La storica del mondo antico osserva, poi, che la seconda parte del testo di Palladio circolava nel V secolo sotto il nome di Arriano. Nel primo paragrafo di questa sezione, Alessandro interviene in prima persona, invocando la σοφία e dicendosi desideroso, dopo aver visto il gimnosofista Calano, di conoscere la filosofia dei Bramani. Al che essi replicano dichiarando quel personaggio come un traditore dei valori tradizionali della propria gente. Successivamente espongono le regole della loro vita ascetica: abitare nelle selve, coprirsi di foglie, dormire sulla nuda terra, osservare la castità e il silenzio, astenersi dalle carni e dai cibi cotti, nutrirsi solo di frutti e di acqua di fiume, innalzare inni a Dio giorno e notte, combattere un’aspra lotta contro i sensi, personificati come tiranni che risiedono in ogni membro del corpo umano. Il testo prosegue raccontando come Dandami riceva un’ambasceria macedone guidata da Onesicrito con l’invito di recarsi da Alessandro e come egli rifiuti l’offerta affermando di non volere doni e di non essere impressionato dalle minacce, poiché la natura già gli fornisce il necessario e non ha ragione di temere la morte. Udita la risposta, Alessandro decide di recarsi di persona presso Dandami e nel lungo colloquio tra i due il saggio ripete molte delle cose già dette, scagliandosi con una nuova invettiva contro la cupidigia dei Greci e invitando Alessandro a lasciare il mondo per trovare la vera felicità in una vita di rinuncia. Il Macedone naturalmente risponde di non potersi sottrarre alle proprie responsabilità, offre a Dandami doni, che questi rifiuta, e poi se ne va. Il Bramano, rimasto solo, pronuncia un ultimo discorso in cui si scaglia contro le raffinatezze del vivere civile, la smania per gli spettacoli crudeli e lascivi, la ricerca del lusso, le perversioni della filosofia.

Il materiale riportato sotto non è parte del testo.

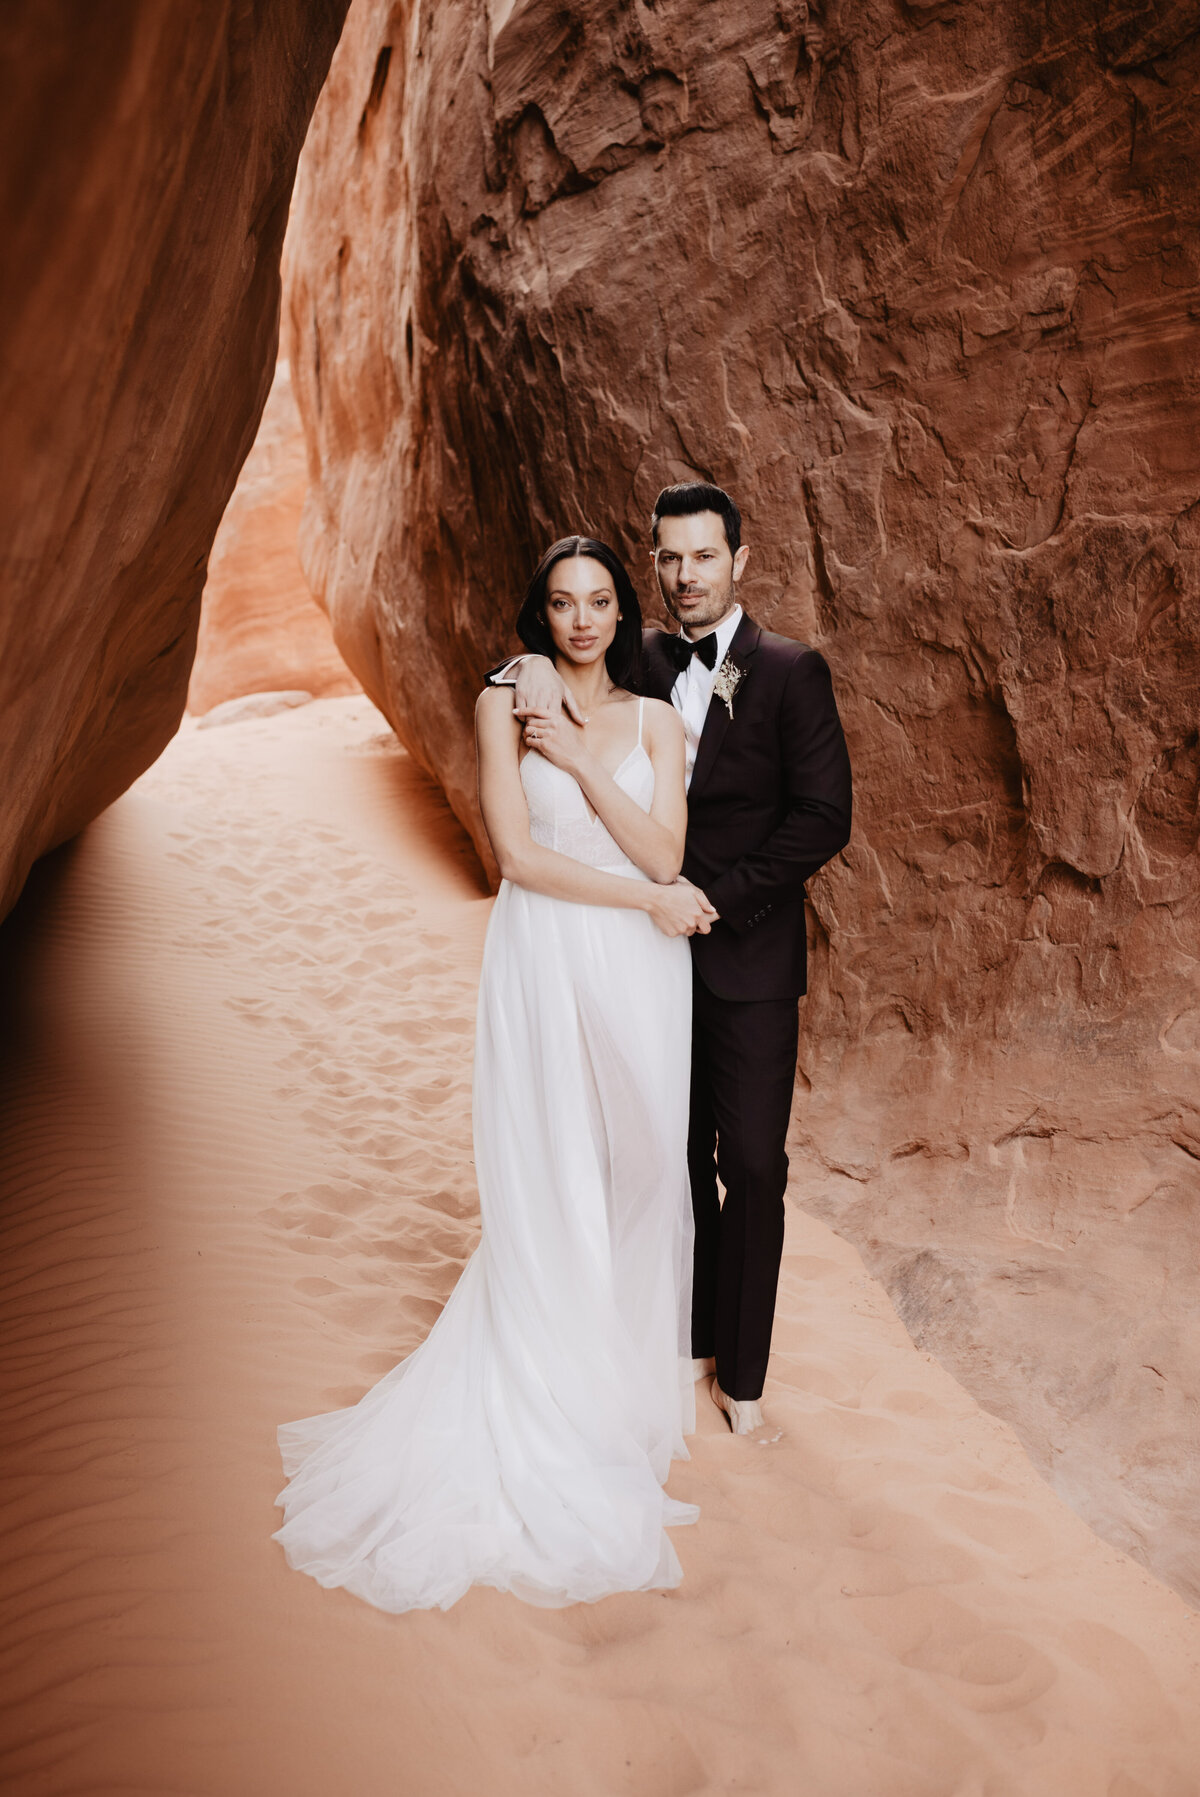 Utah elopement photographer captures bride and groom holding hands
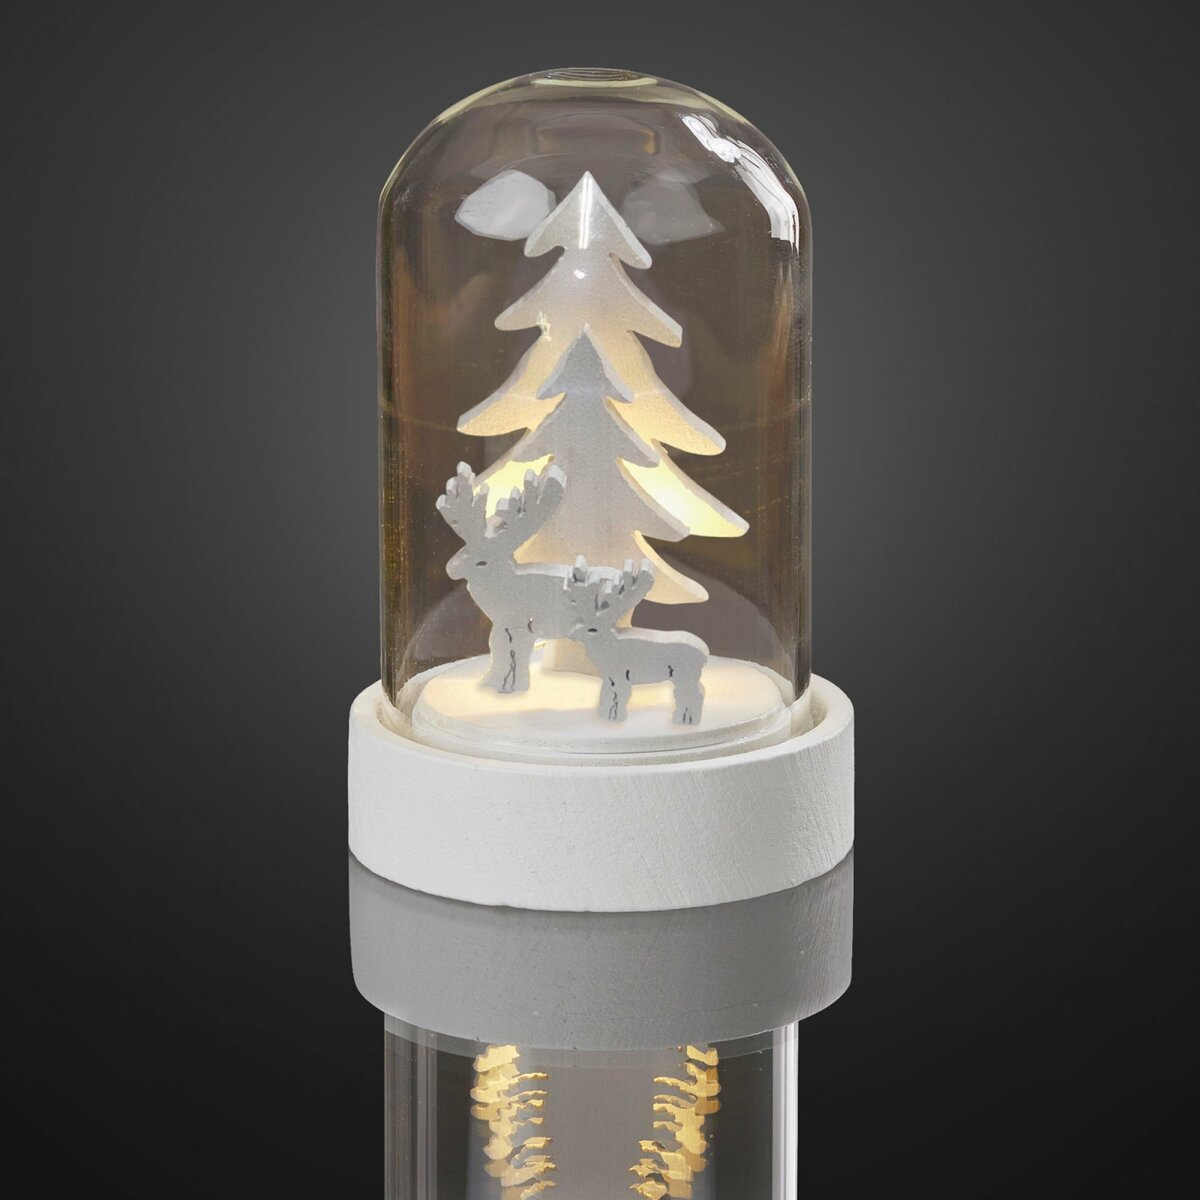 LED-Deko-Glocke mit Tannenbäumen LEDs, batt und Rentieren, warm-weiße

47 Già a partire dalla semplice lettura della sintesi della versione greca del Commonitorium, ci si rende subito conto di quanto siano numerosi gli elementi in comune tra questo testo e la Collatio, e pertanto di come sia necessario prenderli in considerazione entrambi nel momento in cui si affronterà l’analisi dei contenuti della corrispondenza.